Security vs operational incidents

Operational incidents (outages, performance degradation) and security incidents (unauthorized access, data exfiltration) share incident management structures but differ in critical ways.

The most dangerous mistake is treating a security incident like an operational one. Restarting a compromised pod destroys forensic evidence. Redeploying from the same compromised image reintroduces the vulnerability.

Incident response phases

graph LR
  A[Detection] --> B[Triage]
  B --> C[Containment]
  C --> D[Evidence Collection]
  D --> E[Eradication]
  E --> F[Recovery]
  F --> G[Post-Incident Review]

  A -.- A1[SIEM alerts<br/>Falco<br/>GuardDuty]
  B -.- B1[Severity assessment<br/>Scope determination]
  C -.- C1[Network isolation<br/>Credential rotation]
  D -.- D1[Forensic snapshots<br/>Log preservation]
  E -.- E1[Remove threat actor<br/>Patch vulnerabilities]
  F -.- F1[Restore from IaC<br/>Validate clean state]
  G -.- G1[Timeline<br/>Lessons learned<br/>Control improvements]

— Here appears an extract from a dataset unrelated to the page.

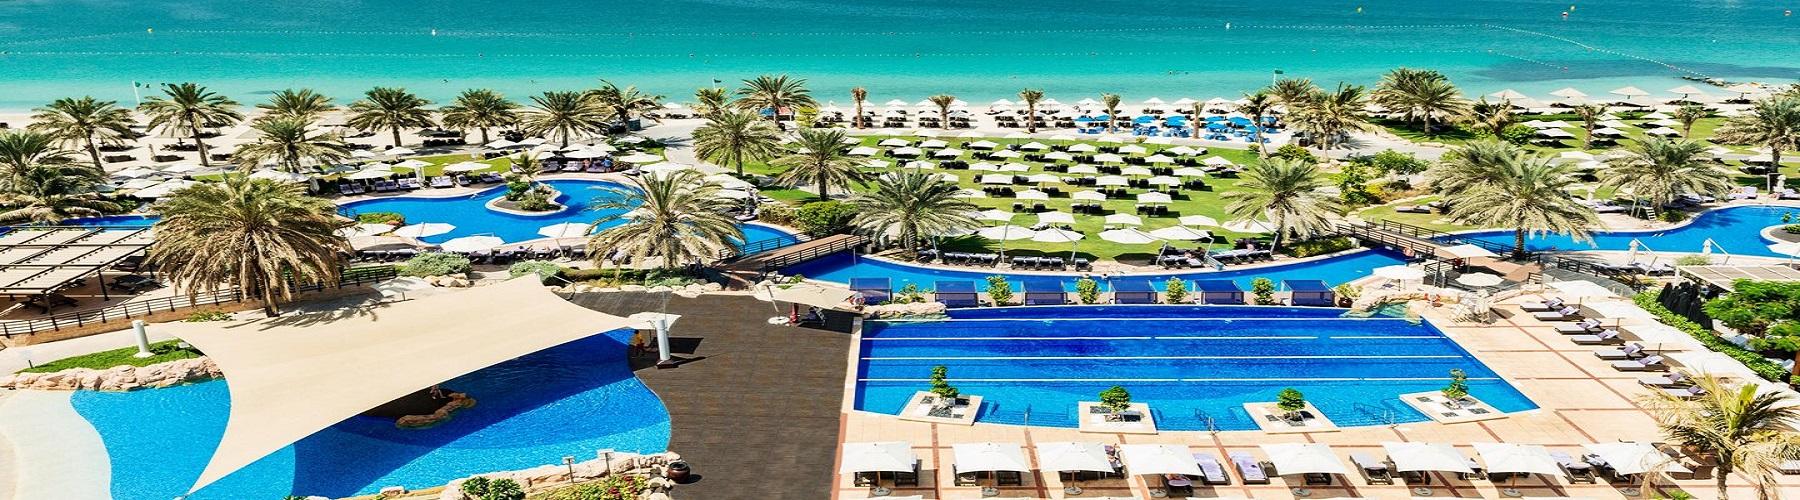 Территория отеля The Westin Dubai Mina Seyahi Beach Resort and Marina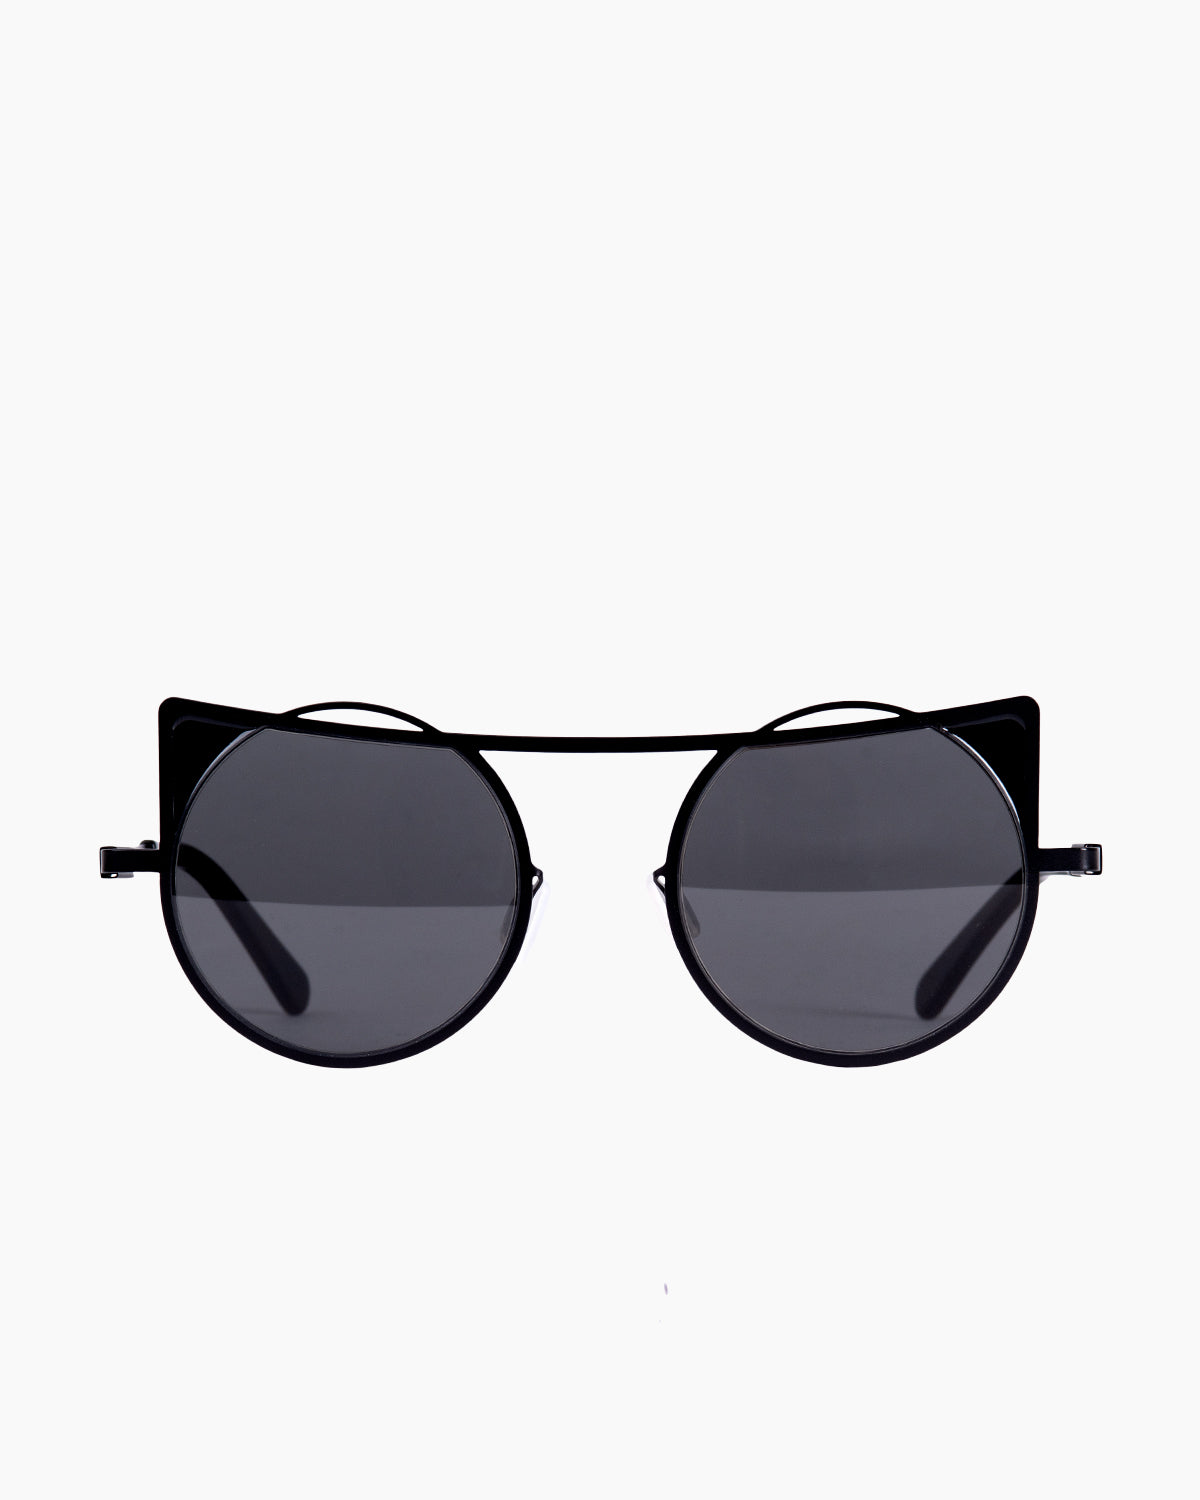 Gamine - CondesaS - Black/Black | Bar à lunettes:  Marie-Sophie Dion

Incident response lifecycle. Each phase has specific actions appropriate for cloud-native environments.

Detection

Security incidents are detected through multiple channels:

• SIEM alerts: Aggregated logs trigger correlation rules
• Runtime security: Falco detects anomalous system calls
• Cloud-native alerts: GuardDuty, Security Hub findings
• External reports: Bug bounties, customer reports, threat intelligence
• Automated scanning: CSPM tools detecting configuration changes

The median time to detect a breach is 204 days (IBM Cost of a Data Breach Report). Every automated detection mechanism reduces this window.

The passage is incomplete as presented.